ACTIVITY -> The material below holds pictures, which are to be left out; copy exactly the lines from the one with "Plantation XO, Barbados, Rum, 20th" through the one with "1920s Tie Dye Antique Chinese Silk Shawl".

MATERIAL FOR THIS EXERCISE ->
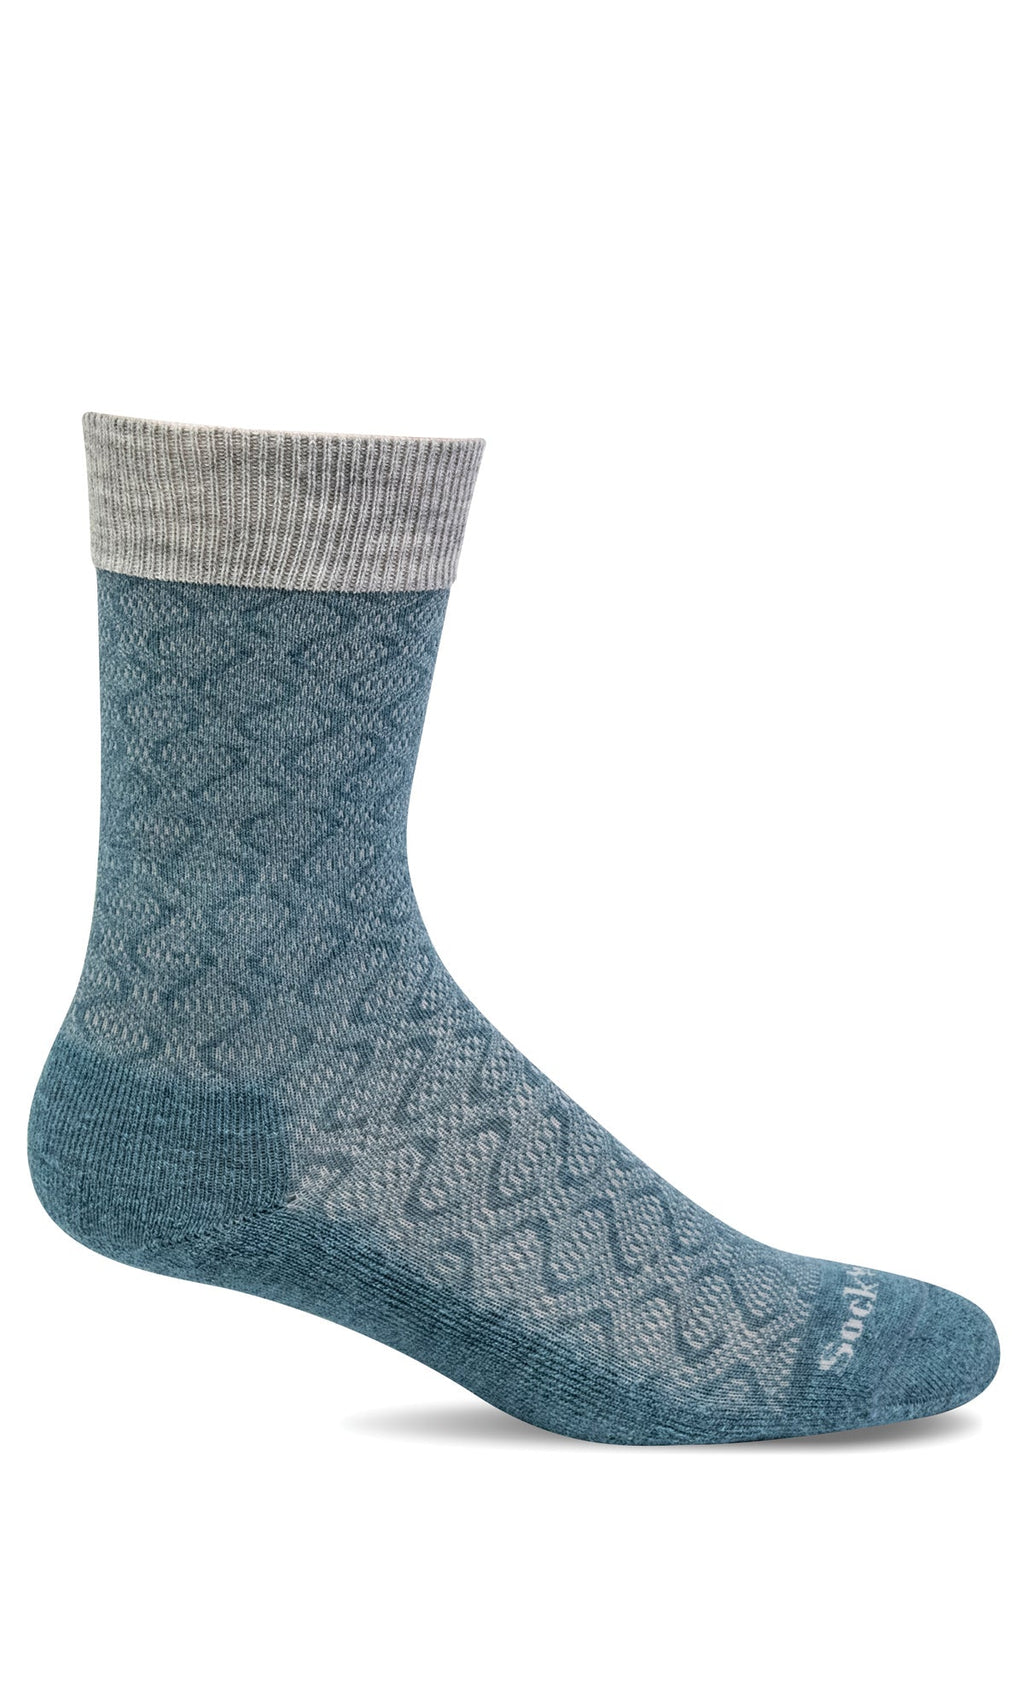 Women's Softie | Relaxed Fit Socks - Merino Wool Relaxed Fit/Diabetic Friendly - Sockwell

==

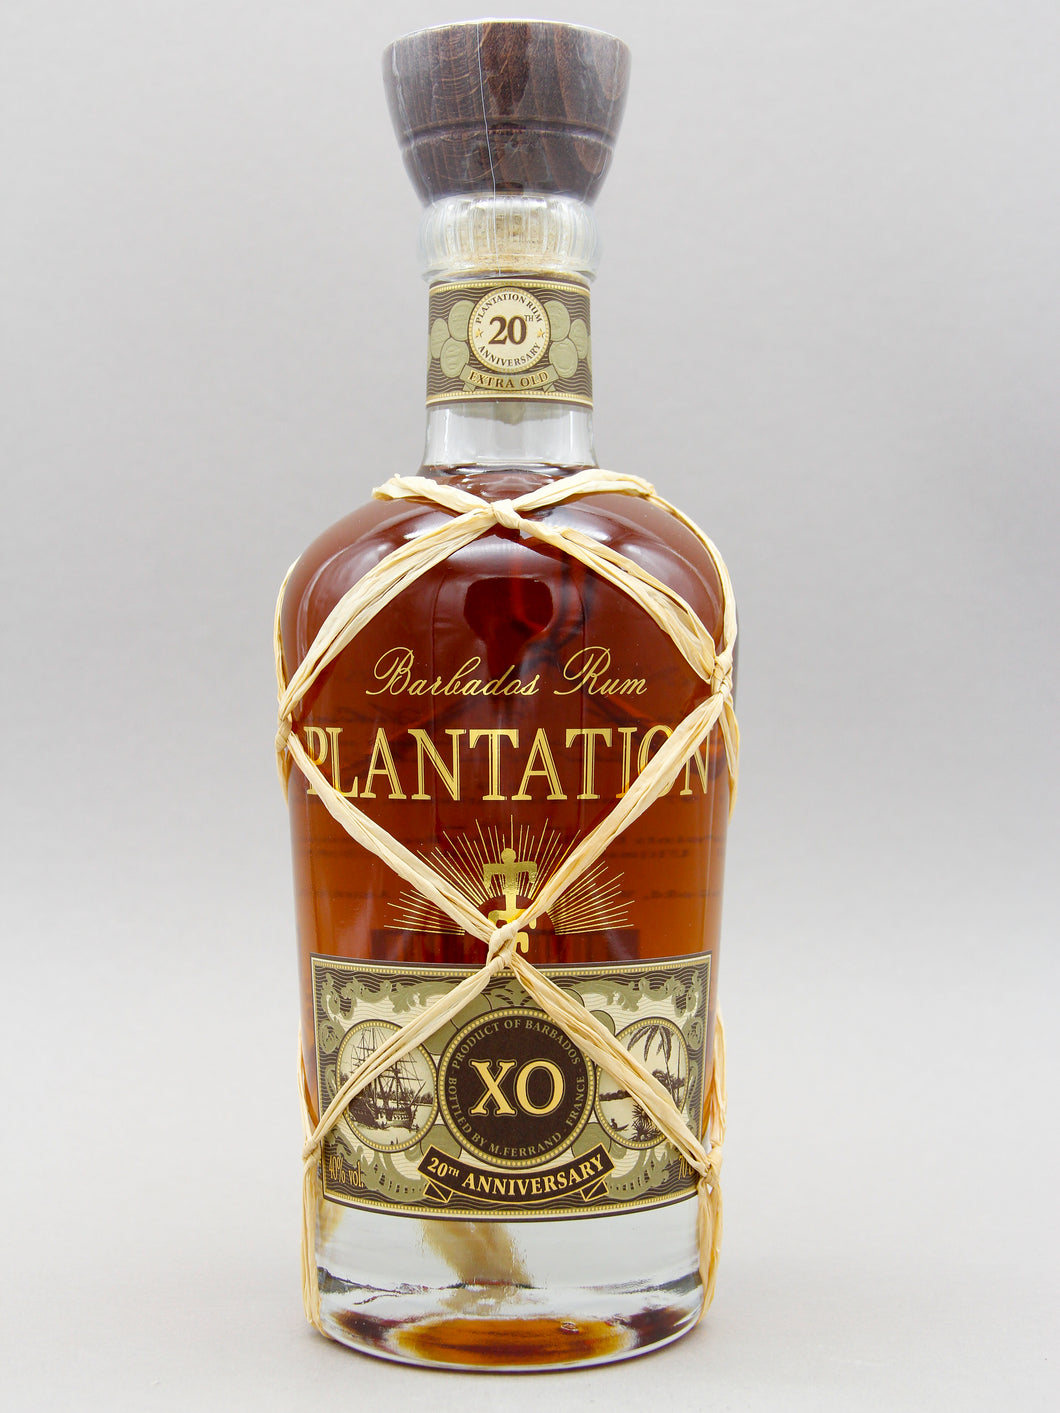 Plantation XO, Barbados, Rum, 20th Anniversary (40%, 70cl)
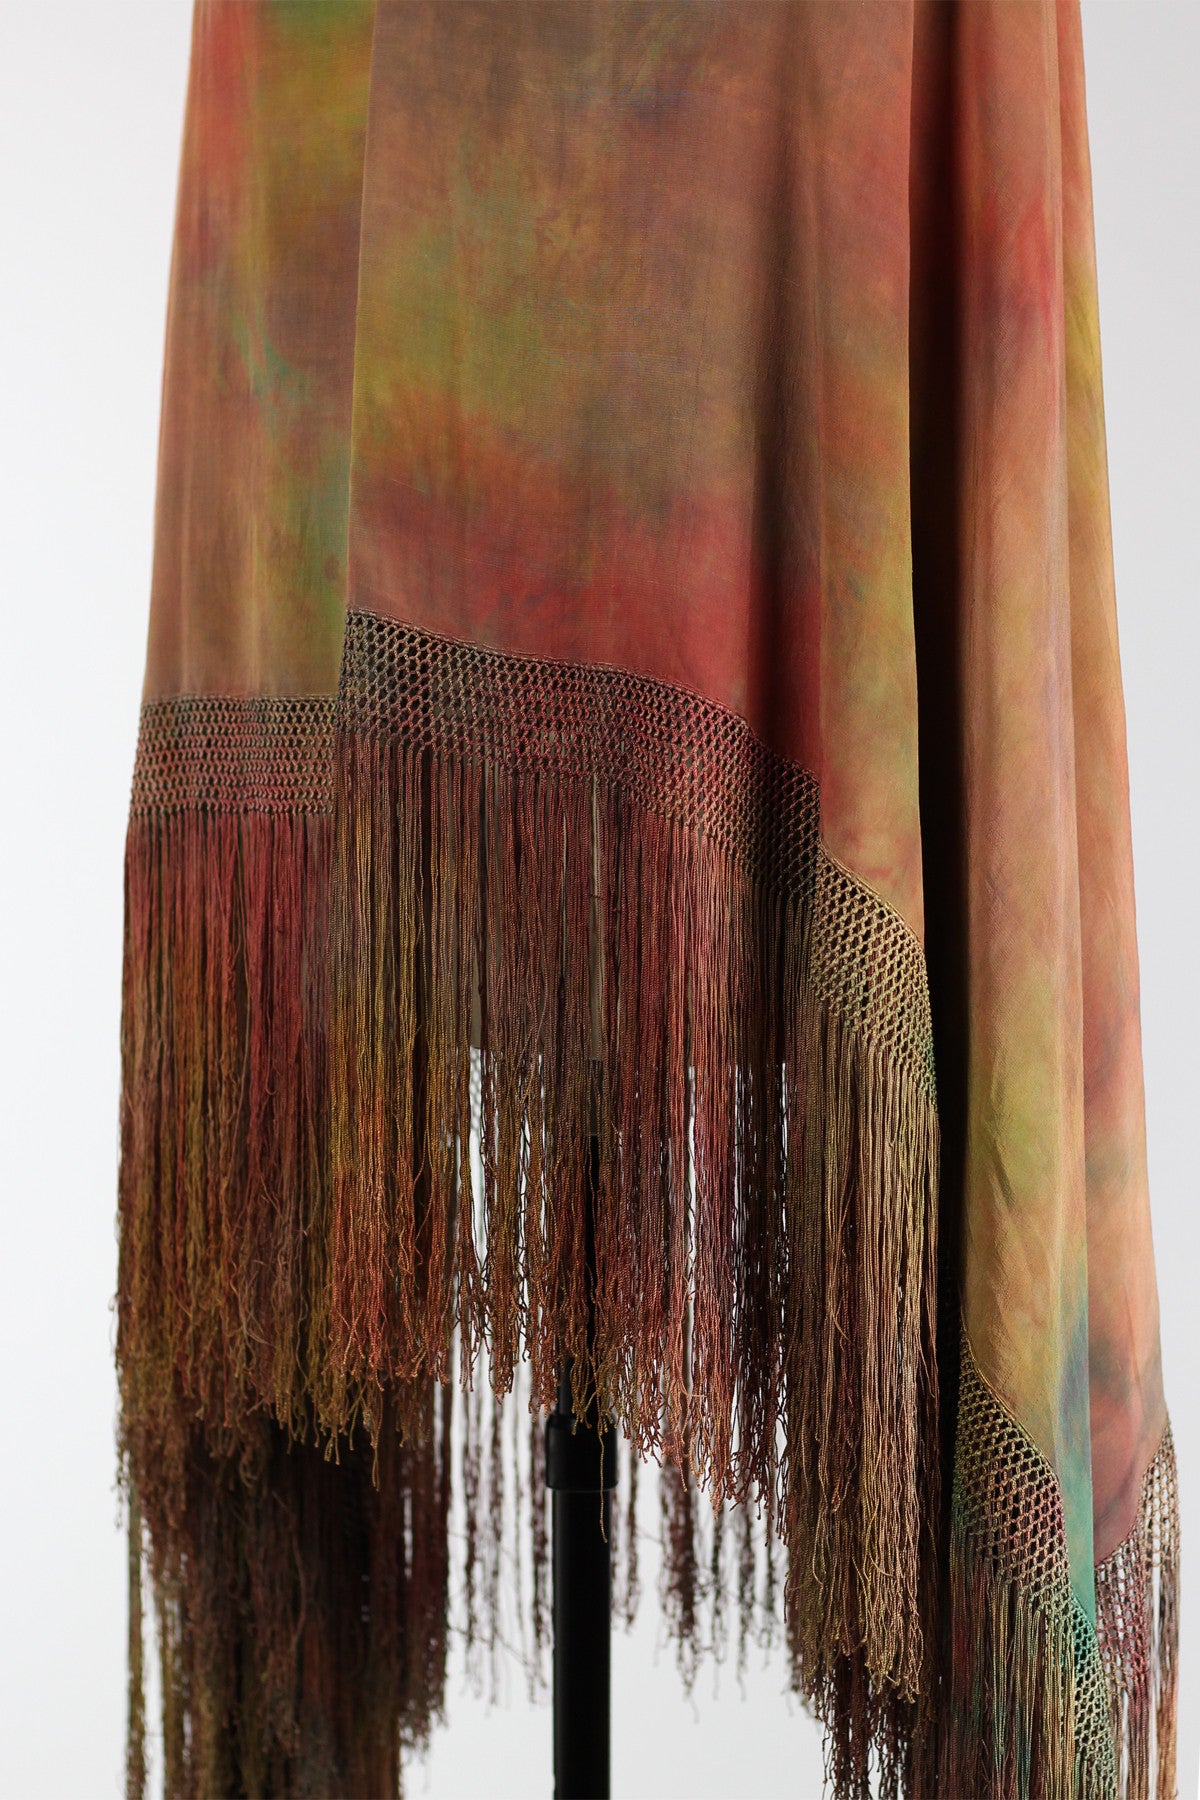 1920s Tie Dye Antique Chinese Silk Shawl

TASK RESULT ->
 Plantation XO, Barbados, Rum, 20th Anniversary (40%, 70cl)
 1920s Tie Dye Antique Chinese Silk Shawl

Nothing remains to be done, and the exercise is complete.